Supermarket Sweep
October 3rd, 2012 By JosephThe supermarket brings together a vast and different variety of different products and life which is prepared for human consumption in a way which has become a complex system of codes and conventions. These conventions are rarely considered by the consumer unless the delivery method is slightly changed. This is heightened by trying to purchase different products in different countries. For example, in Spain: fruit is weighted and measured by the consumer whom then organises the price tag from a ticket machine. This makes someone from a country where the convention is different to that experience the purchase in a whole new light.
Supermarket Sweep attempts to take the environment of the supermarket and push this concept one step further. Key elements that can be changed are the different products, the staff and the customers themselves. Products can be changed by turning dead produce into live produce: In the eggs section, there will be a thousand live chickens, all running around inside a fridge display cabinet. In the vegetable section the veg will be still subterranean or live on trees, potatoes in the ground and grapes still on the vine. People would have to pick what they want as if they were farming it.

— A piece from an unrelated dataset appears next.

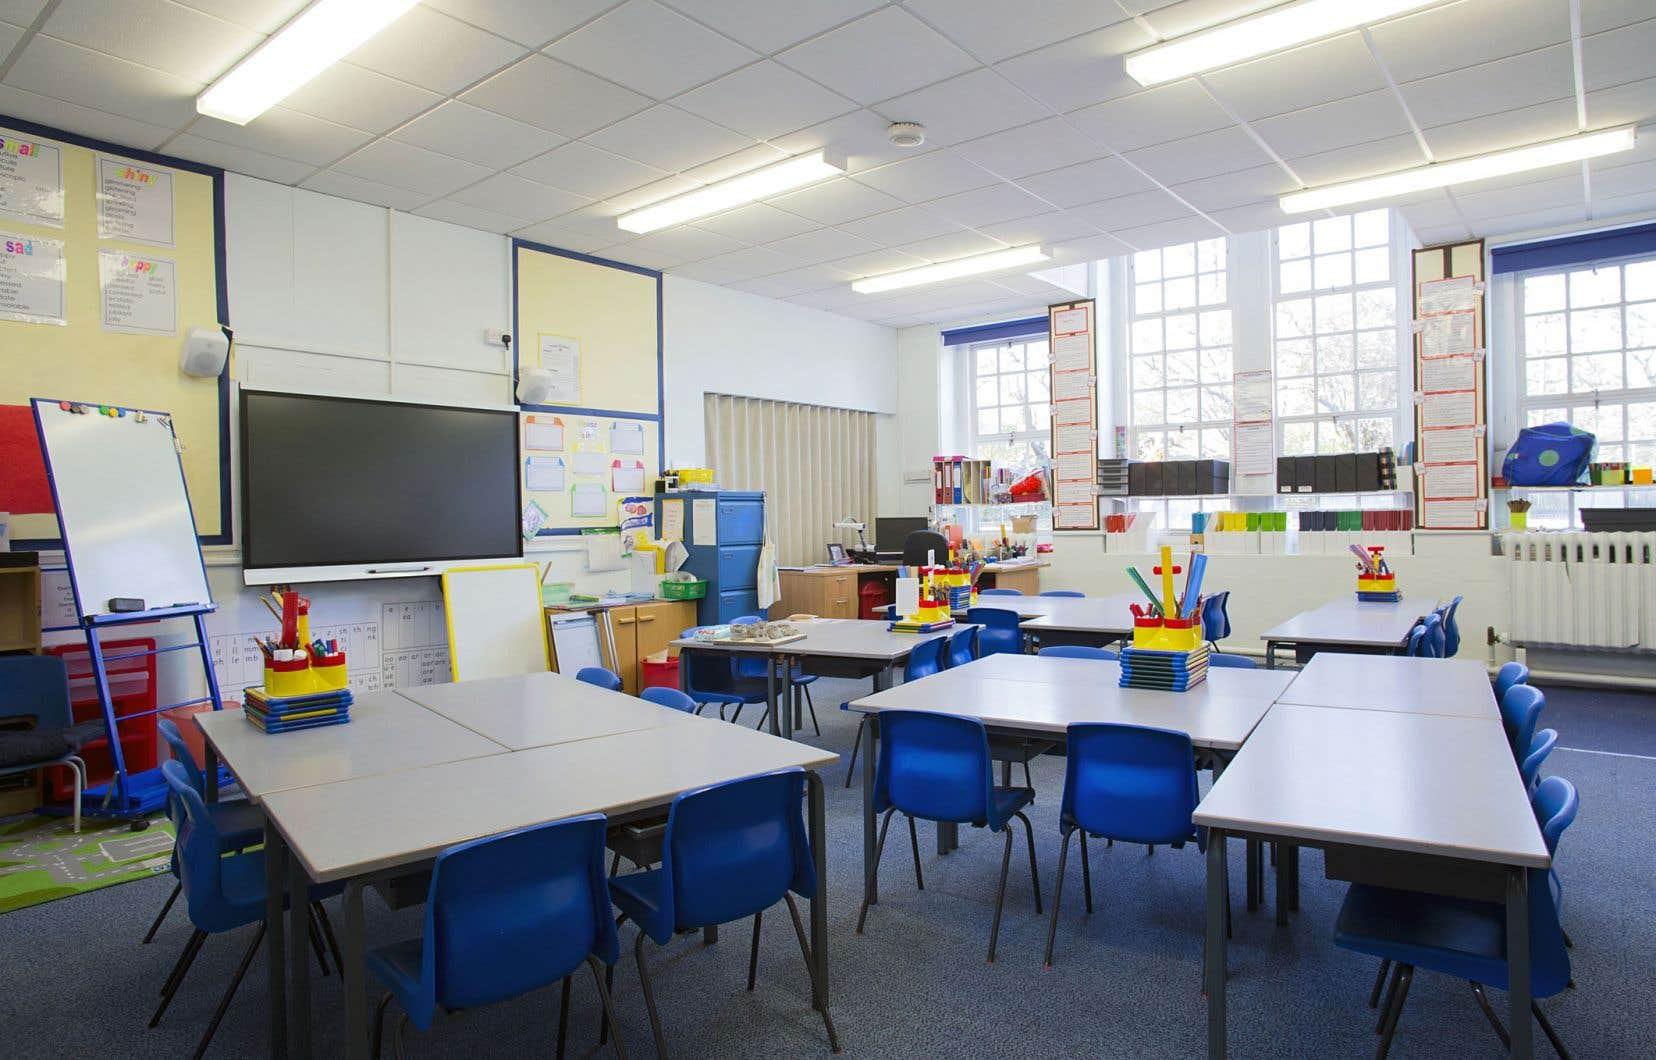 Les postes à pourvoir sont surtout ceux consacrés aux classes d'accueil, c'est-à-dire les classes de francisation, ainsi que les classes préscolaires, à cause du nombre élevé d'enfants de quatre et cinqans.

The key environmental components to be explored in this study are the customers and the staff which are substituted by actors, turing the supermarket into both a playground and theatre. Staff declaring undying love for each other on the public address system and asking other customers to find colleges for them to ask them to marry them. Customers having fights, arguments and general drama in the isles. People performing magic tricks in different food sections… like turning the eggs into chickens. Trolly races being declared on the public address that will be coming down certain isles and around certain corners. Juggling acts with tins of food.
Performers will then gather at the exit and hold out contribution boxes and thanking customers for attending the show, all in an attempt to change perception of the environment from that of a supermarket to anything but a supermarket.